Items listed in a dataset
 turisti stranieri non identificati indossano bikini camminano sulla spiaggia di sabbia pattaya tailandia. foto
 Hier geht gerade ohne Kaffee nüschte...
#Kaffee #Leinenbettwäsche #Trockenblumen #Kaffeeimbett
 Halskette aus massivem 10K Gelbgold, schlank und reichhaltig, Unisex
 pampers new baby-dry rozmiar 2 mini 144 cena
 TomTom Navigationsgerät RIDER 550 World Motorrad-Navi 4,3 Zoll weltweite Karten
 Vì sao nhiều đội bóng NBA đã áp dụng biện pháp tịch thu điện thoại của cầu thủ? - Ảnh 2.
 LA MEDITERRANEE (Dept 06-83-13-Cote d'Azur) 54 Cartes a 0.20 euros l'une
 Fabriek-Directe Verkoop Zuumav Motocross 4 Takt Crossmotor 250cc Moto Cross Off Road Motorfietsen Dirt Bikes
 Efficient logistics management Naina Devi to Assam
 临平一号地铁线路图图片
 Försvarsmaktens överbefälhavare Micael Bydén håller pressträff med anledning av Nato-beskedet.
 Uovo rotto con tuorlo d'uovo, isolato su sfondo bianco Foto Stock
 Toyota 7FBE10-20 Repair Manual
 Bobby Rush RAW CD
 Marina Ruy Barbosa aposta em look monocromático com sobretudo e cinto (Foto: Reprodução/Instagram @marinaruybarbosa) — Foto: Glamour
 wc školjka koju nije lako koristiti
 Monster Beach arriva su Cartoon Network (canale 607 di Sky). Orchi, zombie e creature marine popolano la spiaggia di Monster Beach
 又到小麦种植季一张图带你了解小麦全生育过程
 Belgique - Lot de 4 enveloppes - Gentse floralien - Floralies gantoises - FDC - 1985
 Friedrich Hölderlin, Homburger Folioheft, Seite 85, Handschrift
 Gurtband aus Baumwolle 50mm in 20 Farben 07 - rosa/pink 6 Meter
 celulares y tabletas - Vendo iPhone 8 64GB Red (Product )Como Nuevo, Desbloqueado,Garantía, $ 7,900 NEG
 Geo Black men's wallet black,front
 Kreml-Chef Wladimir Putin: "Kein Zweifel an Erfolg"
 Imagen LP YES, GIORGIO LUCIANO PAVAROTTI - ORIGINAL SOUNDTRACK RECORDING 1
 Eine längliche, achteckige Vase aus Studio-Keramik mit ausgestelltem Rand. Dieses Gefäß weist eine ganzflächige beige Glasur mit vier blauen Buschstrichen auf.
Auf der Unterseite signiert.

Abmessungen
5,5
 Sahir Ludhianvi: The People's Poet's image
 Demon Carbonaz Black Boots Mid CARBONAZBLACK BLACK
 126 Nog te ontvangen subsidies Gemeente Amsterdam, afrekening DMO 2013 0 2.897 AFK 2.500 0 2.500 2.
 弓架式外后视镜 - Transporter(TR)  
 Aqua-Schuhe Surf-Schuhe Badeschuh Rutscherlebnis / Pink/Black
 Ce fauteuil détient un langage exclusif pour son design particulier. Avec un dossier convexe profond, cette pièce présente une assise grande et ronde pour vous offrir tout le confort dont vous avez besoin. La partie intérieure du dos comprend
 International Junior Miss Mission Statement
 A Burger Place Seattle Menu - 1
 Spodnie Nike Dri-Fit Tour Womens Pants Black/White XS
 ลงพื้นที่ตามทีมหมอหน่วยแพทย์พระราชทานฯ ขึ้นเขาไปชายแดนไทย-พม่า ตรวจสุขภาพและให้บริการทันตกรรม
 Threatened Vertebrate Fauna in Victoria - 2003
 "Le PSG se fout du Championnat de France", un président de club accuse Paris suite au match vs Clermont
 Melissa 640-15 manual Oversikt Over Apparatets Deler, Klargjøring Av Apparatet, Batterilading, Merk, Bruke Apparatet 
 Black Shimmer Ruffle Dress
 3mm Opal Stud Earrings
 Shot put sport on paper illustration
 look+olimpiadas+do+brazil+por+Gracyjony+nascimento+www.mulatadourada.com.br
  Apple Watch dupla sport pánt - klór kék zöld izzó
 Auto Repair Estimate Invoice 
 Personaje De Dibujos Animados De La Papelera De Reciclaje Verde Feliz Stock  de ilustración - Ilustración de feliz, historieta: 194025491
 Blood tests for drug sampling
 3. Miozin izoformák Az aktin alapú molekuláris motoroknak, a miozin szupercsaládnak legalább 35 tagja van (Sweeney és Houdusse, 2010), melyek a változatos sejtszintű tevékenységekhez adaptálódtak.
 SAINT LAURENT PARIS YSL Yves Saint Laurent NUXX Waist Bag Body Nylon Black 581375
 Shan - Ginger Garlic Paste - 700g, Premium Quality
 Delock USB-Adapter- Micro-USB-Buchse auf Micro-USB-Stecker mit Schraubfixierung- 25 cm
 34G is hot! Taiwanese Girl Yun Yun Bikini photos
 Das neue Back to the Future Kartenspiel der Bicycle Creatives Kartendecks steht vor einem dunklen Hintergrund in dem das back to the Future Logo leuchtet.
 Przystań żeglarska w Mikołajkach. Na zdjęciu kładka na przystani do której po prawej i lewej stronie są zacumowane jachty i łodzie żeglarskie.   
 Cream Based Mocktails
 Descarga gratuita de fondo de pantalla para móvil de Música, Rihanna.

(EXERCISE DESCRIPTION):
All lines from the start of the entries through the line where "Halskette aus massivem" sits should be duplicated exactly, with nothing else in the output.

(SOLVED EXERCISE):
 turisti stranieri non identificati indossano bikini camminano sulla spiaggia di sabbia pattaya tailandia. foto
 Hier geht gerade ohne Kaffee nüschte...
#Kaffee #Leinenbettwäsche #Trockenblumen #Kaffeeimbett
 Halskette aus massivem 10K Gelbgold, schlank und reichhaltig, Unisex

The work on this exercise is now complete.